Article Text


  1. Zhi Jiang,
  2. Jian an Wang
  1. Department of Cardiology, Second Affiliated Hospital, Zhejiang University College of Medicine, Administration Building, Rm. 1601, 88 Jiefang Road, Hangzhou, Zhejiang Province, P. R. China 310009


    Objectives In the study, we hypothesised menstrual blood stem cells (MBSCs) protect ischaemic myocardium through paracrine effect.

    Methods MBSCs were isolated and expanded from human female menstrual blood. Then we infused the MBSCs intramyocardially in a rat acute myocardial infarction model, and cocultured MBSCs with neonatal rat cardiomyocytes (NRCs).

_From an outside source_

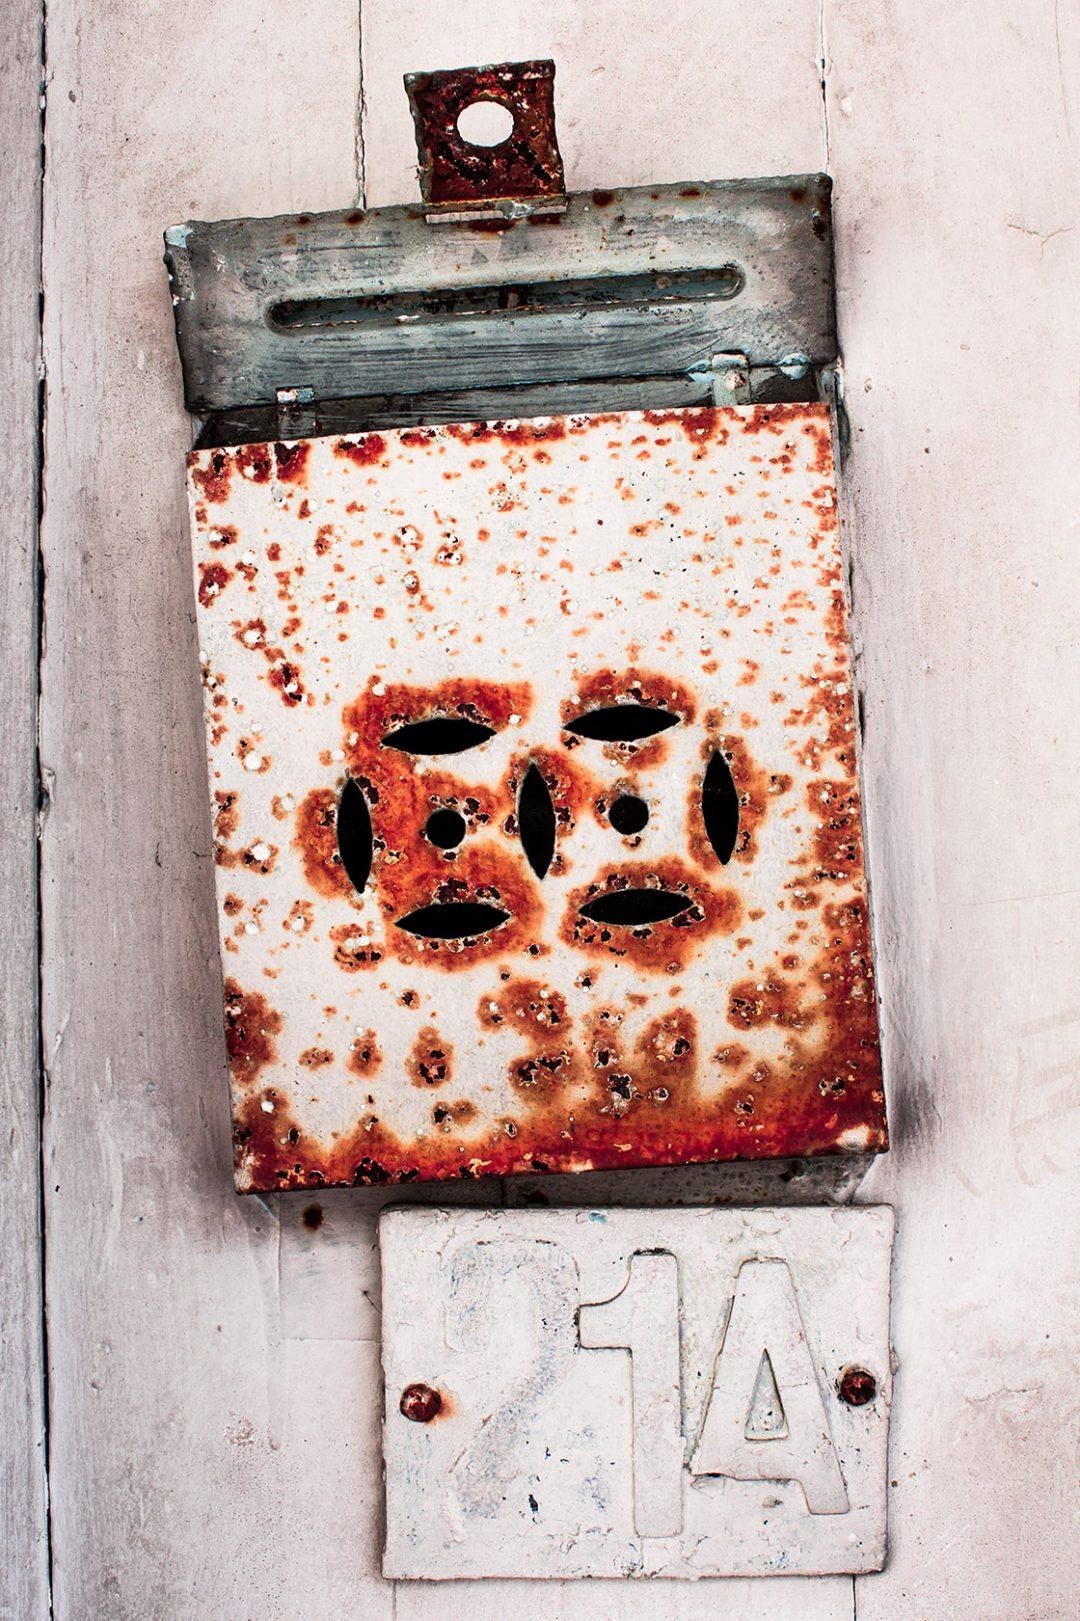 21-Chuen Yuen Road West - David Elliott
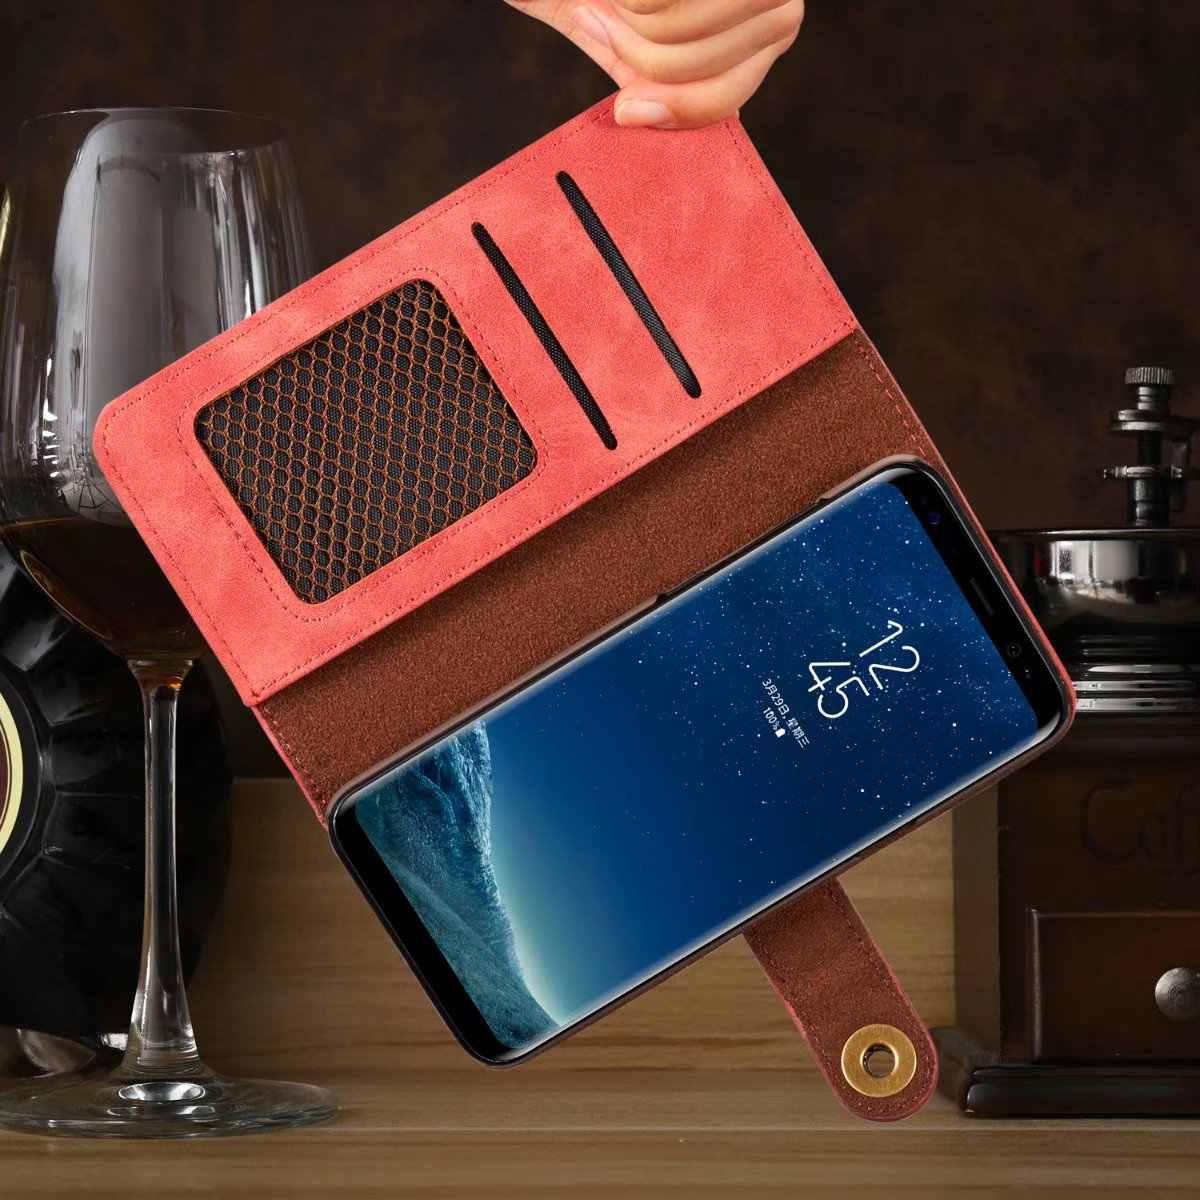 リムーバブル 5 × XR XS 最大 8 7 6S プラス 5 5s サムスンギャラクシーノート 9 8 S9 S8 プラス S7 エッジカード財布フリップケース

    Results In vitro experiments, the apoptosis ratio of NRCs underwent hypoxia/reoxygenation in coculture group was lower than the control group (8.95±1.32% vs 18.42±1.80%, p<0.01), and intracellular ROS generation was also lower (change fold, 27.8±4.1% vs 80.0±12.7%, p<0.01). The medium of normoxia and hypoxia cultured MBSCs was determined the secreted EGF, VEGF and TGF-β (559±21, 0, 635±59 ng/ml in normoxia culture respectively, 582±19, 198±6, 664±102 ng/ml in hypoxia culture respectively). The RNA was also extracted and reverse transcriptional PCR showed that MBSCs expressed multiple cytokines. The MBSCs were transplanted intramyocardially after ligation of the left anterior descending (LAD) in rats. After 48 h, less apoptotic cardiomyocytes were detected in the transplant group (infarct, 54.24±2.10% vs 67.97±3.28%, p<0.01; peri-infarct, 6.93±1.05% vs 11.88±1.47%, p<0.05) and western blot showed higher level of AKT phosphorylation and upregulation of BAX, as well as the decreased expression of cleaved caspase 9. 4 weeks later, 18-fluorodeoxyglucose microPET images indicated more viable cardiomyocytes in the scar area of transplant group than those of saline group (0.357±0.067 vs 0.275±0.053, p<0.01 in transverse section, 0.333±0.046 vs 0.267±0.045, p<0.01 in coronal section). The infarct size of transplant group was less than saline group in Masson's trichrome stain (33.6±2.9% vs 41.6±4.9%, p<0.05). Immunofluorescence of the peri-infarct and infarct region by vWF and α-SMA staining showed obviously higher vessel density in the transplant group (vWF positive microvessels, 186±16/field vs 118±12/field, p<0.05; α-SMA positive arteriole, 35±7/field vs 21±6/field, p<0.05). Few differentiation of MBSCs toward endotheliocyte, smooth muscle cell and cardiomyocytes were found and no specific immune cell infiltration were observed around the MBSCs in vivo.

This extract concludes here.